Representatives from the city of Boston have maintained that programs implemented under Mayor Martin J. Walsh’s administration have expanded the rights of all tenants, including student tenants like Olpin.
Lisa Timberlake is the director of publicity for the Boston Inspectional Services Department. If a tenant files a complaint within the department, a city investigator is dispatched to evaluate the complaint, after which the city may require the landlord or management company to fix the housing problem by a certain date.
Timberlake said that in the past, private landlords outsourced their own safety inspection procedures to the city’s system.
“Some management companies are using us as their on-call system for complaints, as opposed to using their own system, they use ours to get the fire moving under their feet,” Timberlake said. “But in the last five years, it’s gotten a lot better.”
Elena Kuran, a third-year international affairs major at Northeastern, lives a short walk away from Olpin’s apartment. She said her property management company has been highly responsive to her and her roommates.
“Our hot water heater was broken two weeks in and it was fixed in a day,” Kuran said. “I have no complaints, I’ll text [the landlord] and he responds … with that said I’d think we are in the minority.”
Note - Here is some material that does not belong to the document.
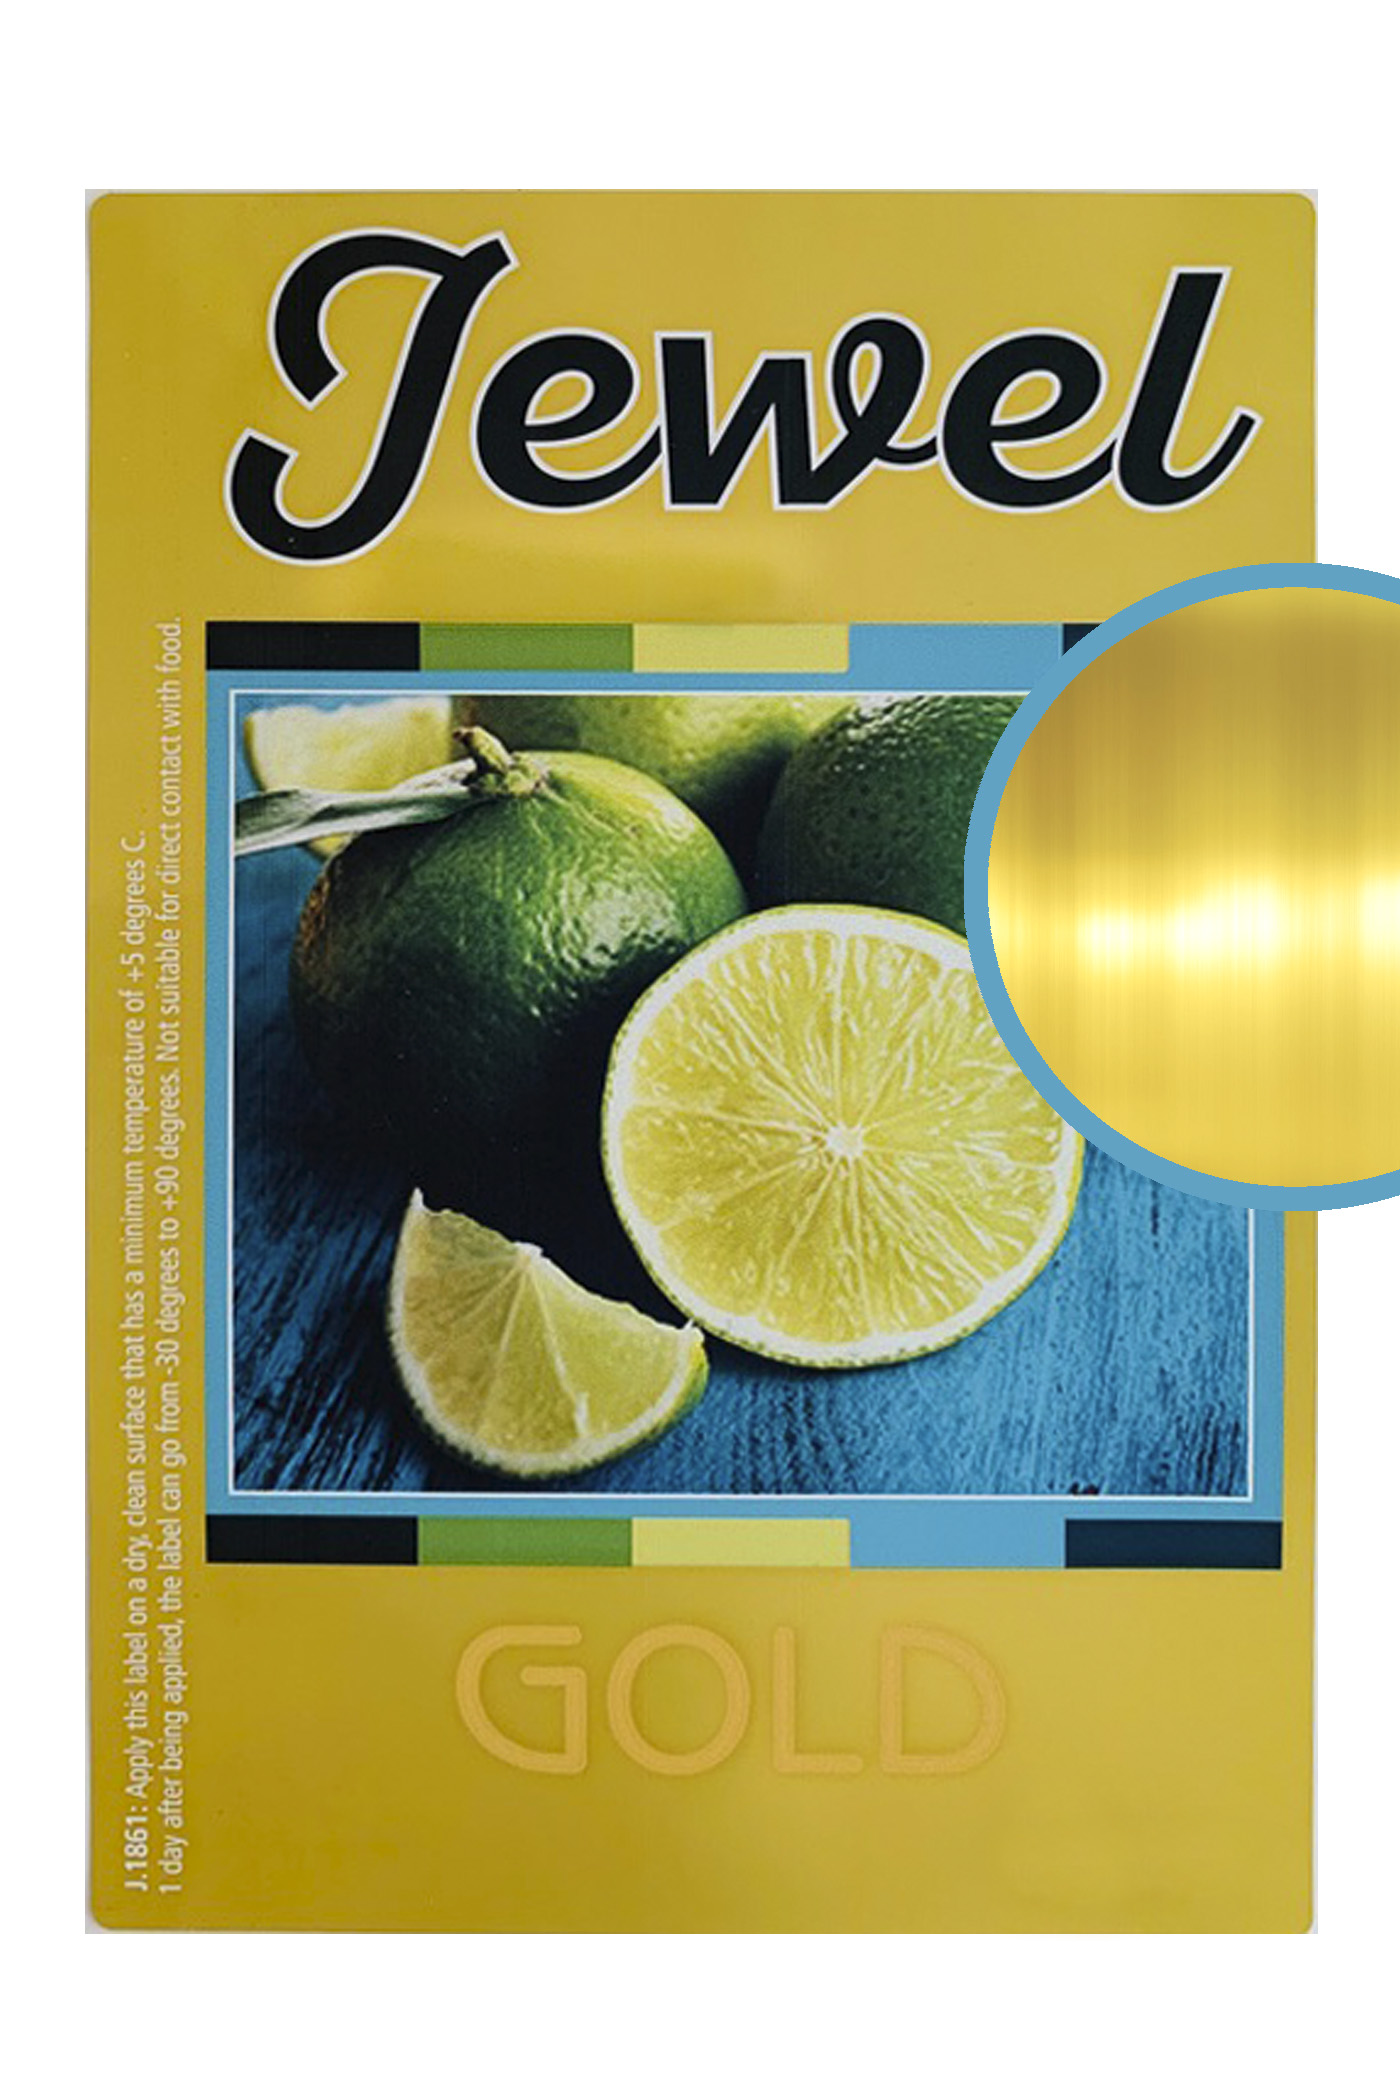 Label jewel gold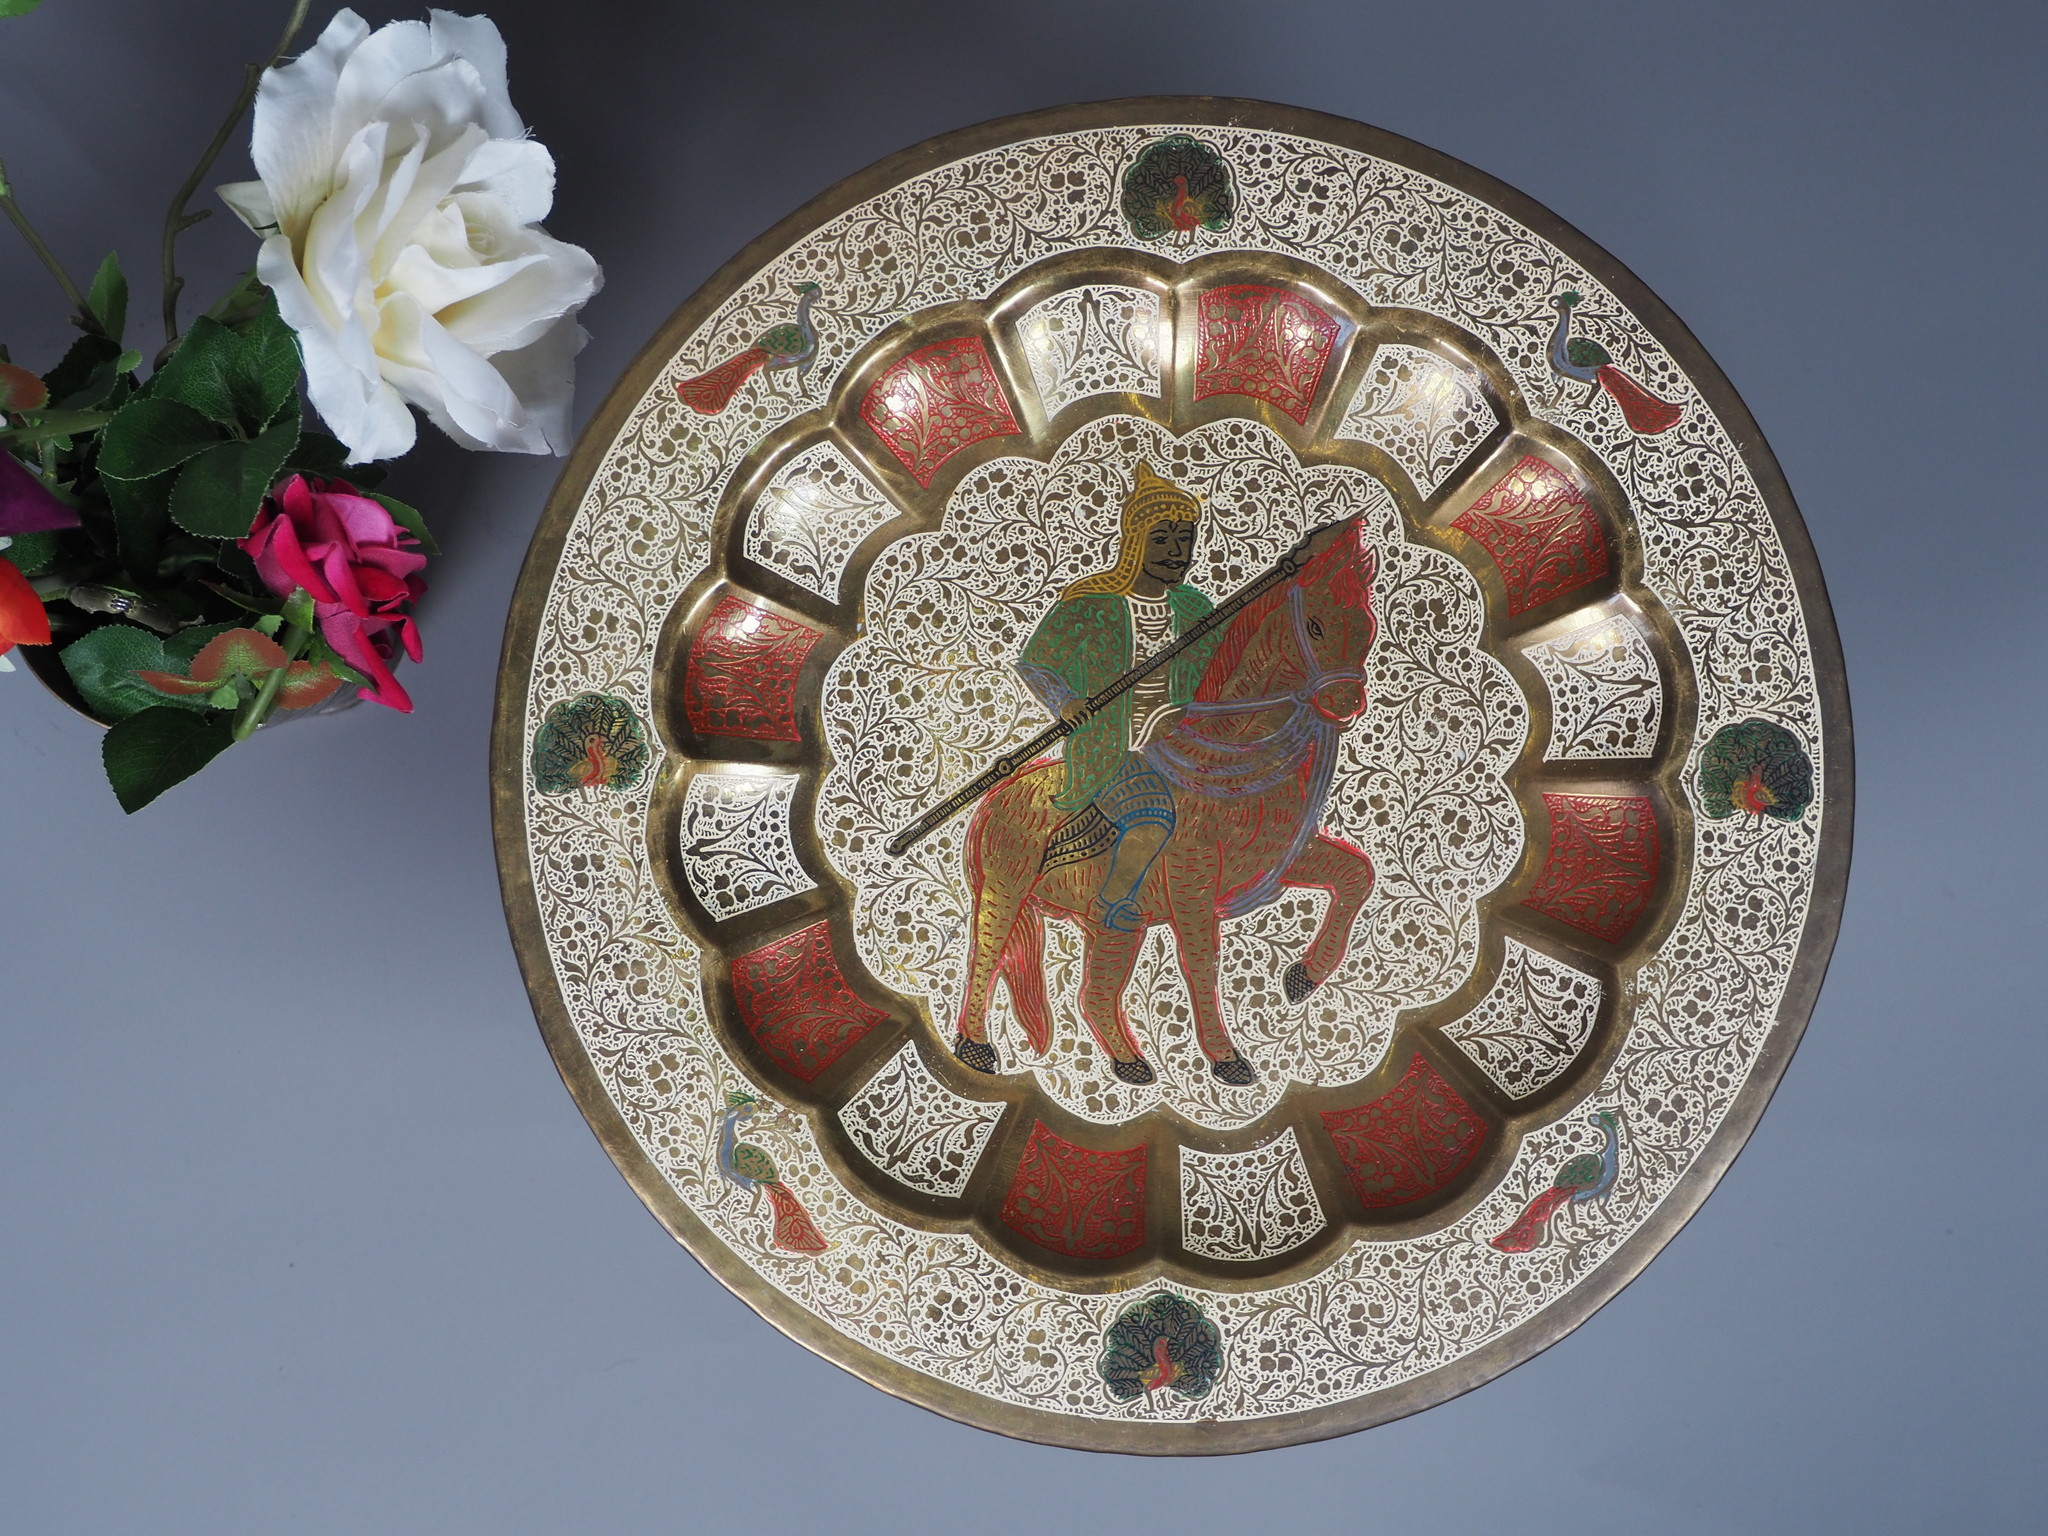 35 cm antique Indian enamel work brass plate tray No: K10

Timberlake points to new programs meant to empower tenants and hold negligent landlords accountable, like the development of the website RentSmart Boston. The website, which launched August 2017, is an online database that compiles Boston 311 complaints and Inspectional Services Division data to show the history of housing, safety or sanitary code violations for any property in Boston.
As the city improves tools for renters, Olpin said that students are still at the mercy of rising housing costs. Even if RentSmart displays previous violations, skyrocketing rents mean that student renters have to weigh affordability against quality of building management.
“I look at cost over who manages the building,” Olpin said. “You just have to say, ‘Well, this rental company hasn’t been the worst? I could move and end up with a [expletive] company.”